Moreover, suspecting that some blacks tried to “pass” as Native American, Plecker also classified people as black who self-identified as Indian. In 1967, when the United States Supreme Court struck down Virginia’s law prohibiting inter-racial marriage in Loving v. Virginia, it also judged the Virginia Racial Integrity Act, and other one drop rules like it, to be unconstitutional.

Census Data in the Twenty-first Century
In the 2000 Census, for the first time, American citizens could select one or more categories to indicate racial identities. Nearly seven million Americans self- identified as members of two or more races. This number rose to nine million in the 2010 census, and 7,872,702 “white” Americans would have been classified as “black” under the one drop rule.

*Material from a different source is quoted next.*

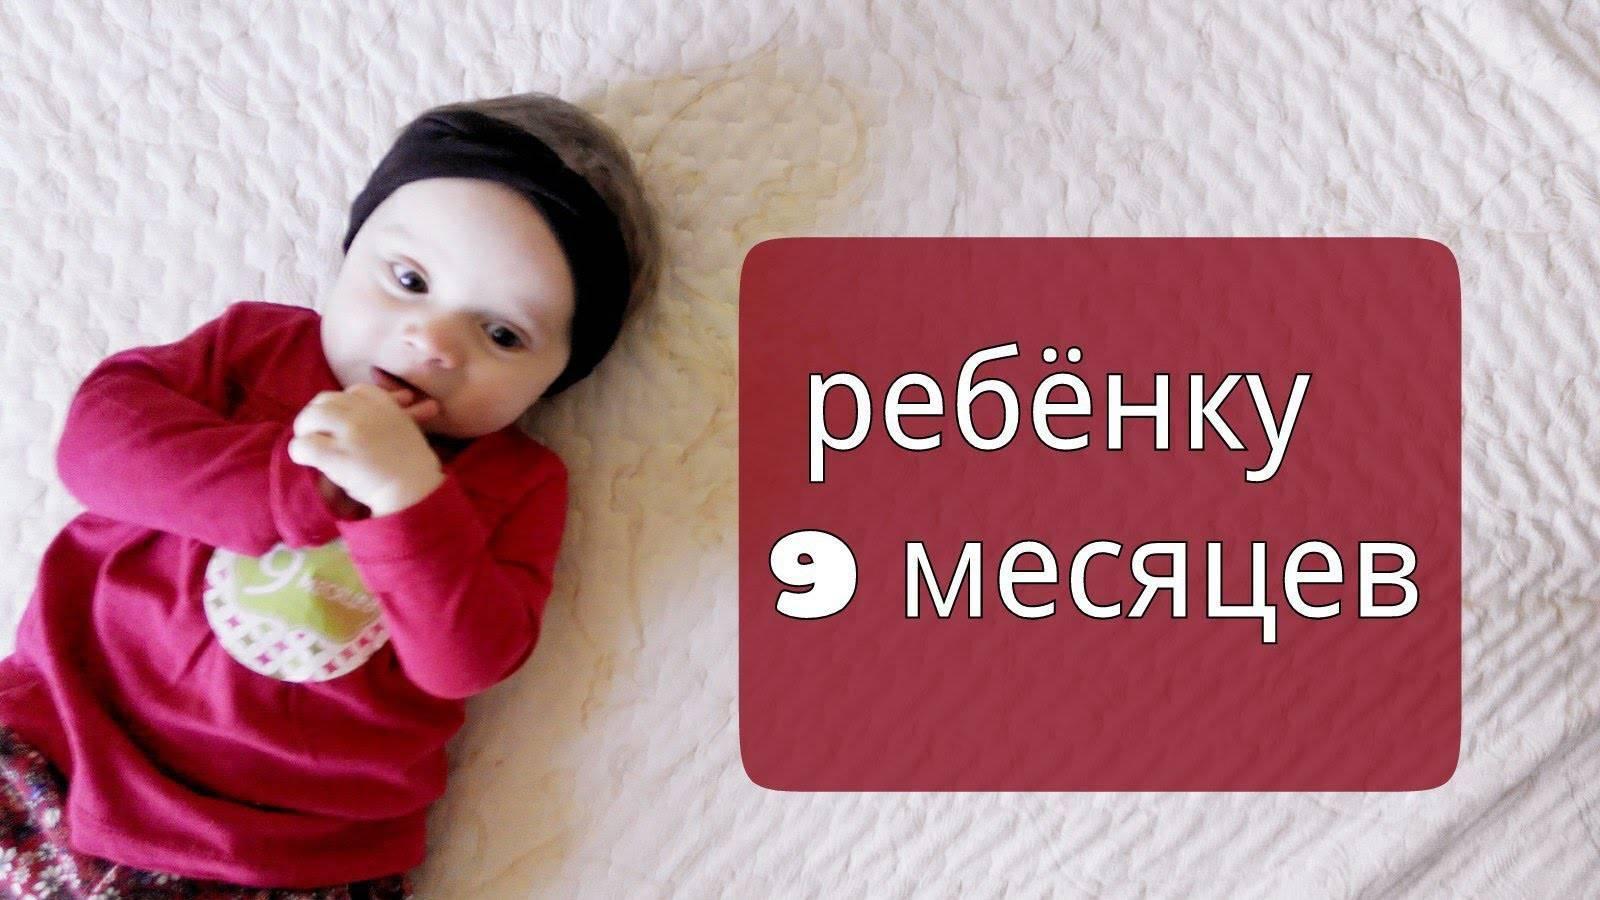 Развитие ребенка в 10 месяцев. что должен уметь мальчик, девочка, питание, вес, рост, развивающие игры
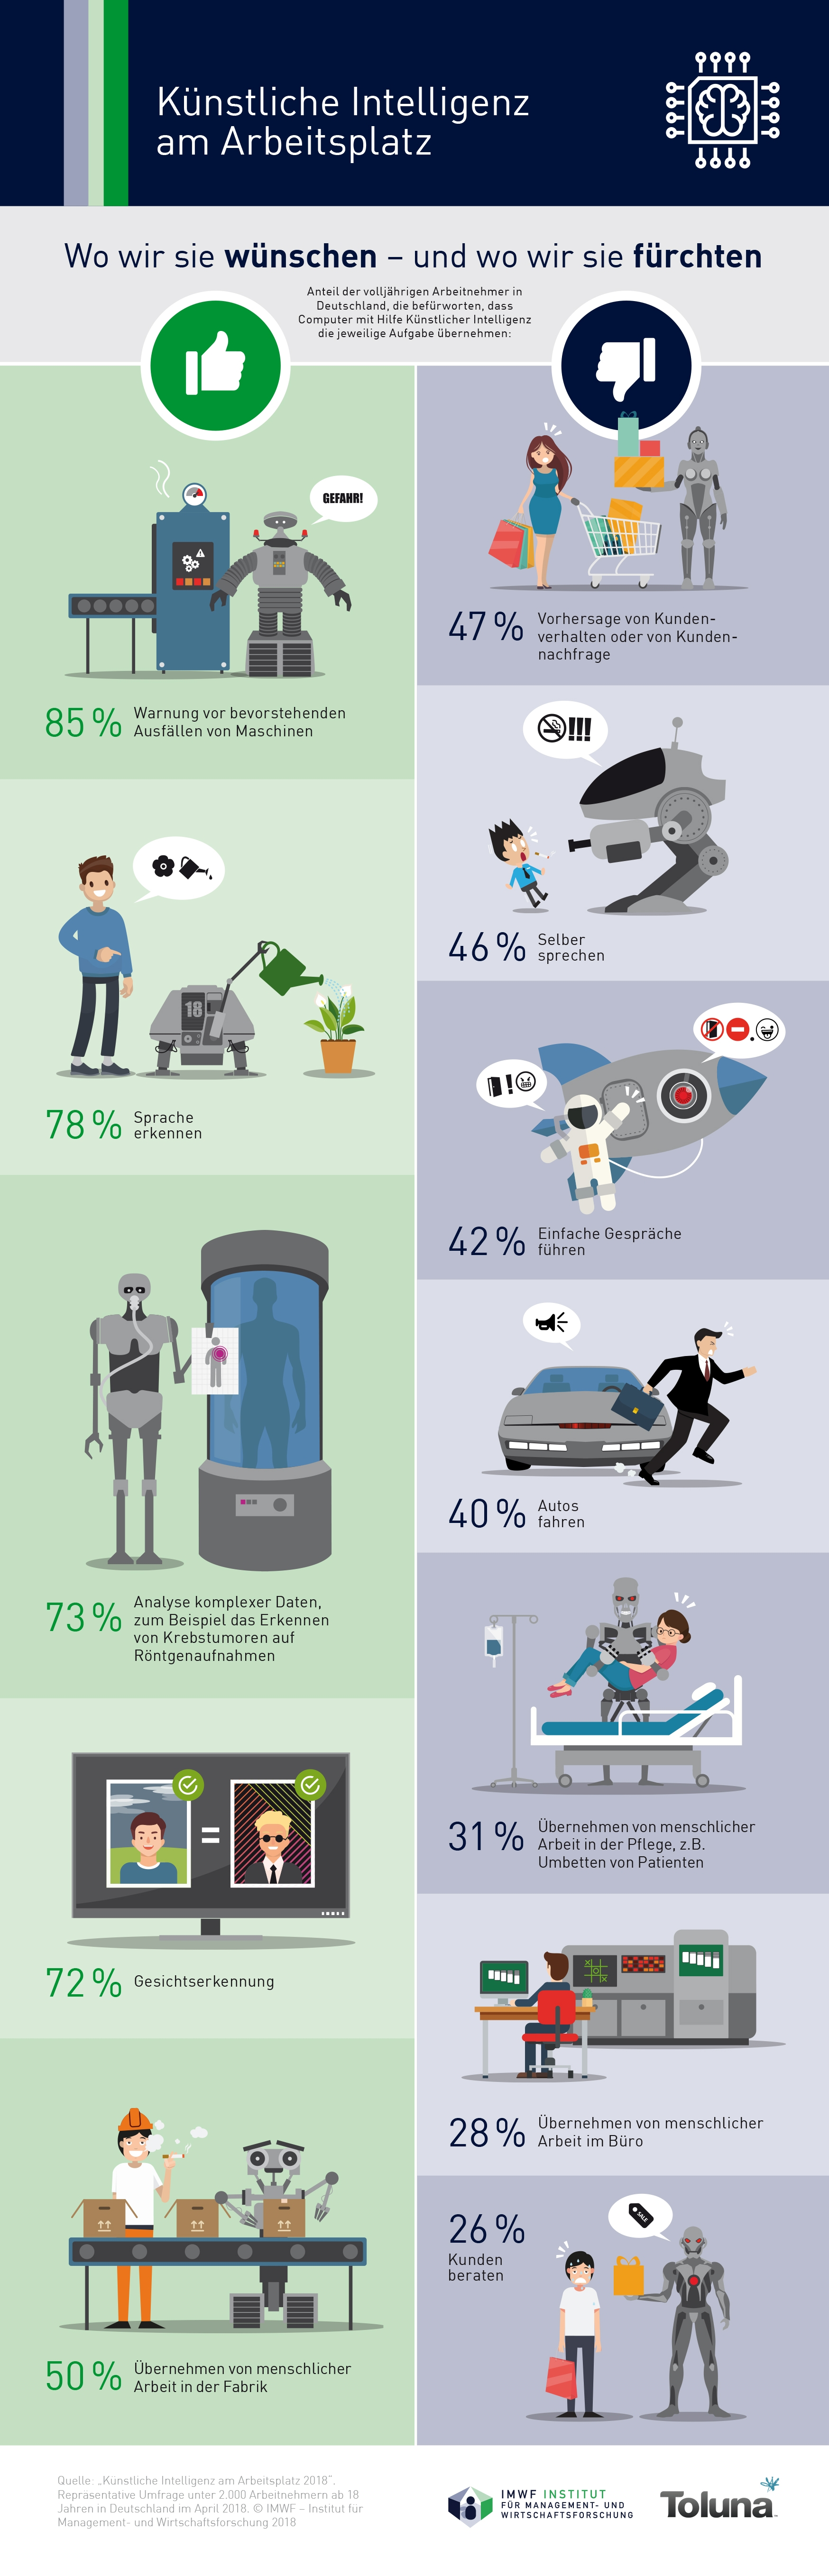 """Infografik zur Studie """"Künstliche Intelligenz am Arbeitsplatz 2018"""" des IMWF Institut für Management- und Wirtschaftsforschung"""

Racial Mixtures of Blacks and Whites in the U.S. Today Blacks in the U. S. are more racially mixed than whites, reflecting historical experience here. Population geneticist Kasia Bryc found that African Americans, on average, have 24 percent European ancestry, while about 4 percent of “white” Americans have 1 percent, or more, African ancestry. Some of these people with “hidden blackness” had “passed for white,” or had ancestors who had done so, in order to escape racism, poverty, disenfranchisement, and inequality. They had chosen color and opportunity over family and community.

Sociologically, the one drop concept persists. During the Black Power Movement, some leaders within the black community claimed all people with any African ancestry as black. Such claiming was another kind of one drop rule. Today, many people in the U.S. still consider individuals, themselves and others, with any African ancestry to be black, or at least non-white.

Other Countries in the Americas
People in many other countries view race differently. For example, in Puerto Rico, though now part of the U.S., persons of black ancestry with known white lineage were classified as white. And according to Brazilian Jose Neinstein, in the U.S., “If you are not quite white, then you are black.” But, in Brazil, “If you are not quite black, then you are white.”

Posted in Racism In America.

2 Comments

  1. It is Time to abolish this Law. Forcing a human being of two different heritage to chose one over the other, is abhorrent. No Government has the legal right to interfere in people’s personal life. The USA government has and is still inflicting untold harm on its’ citizens. A person’s race serves no purpose to the USA government, other than to enforce racial injustices.

  2. There is only one race, the human race…and fifty shades of brown. That’s a fact. People just have to have something to fight about.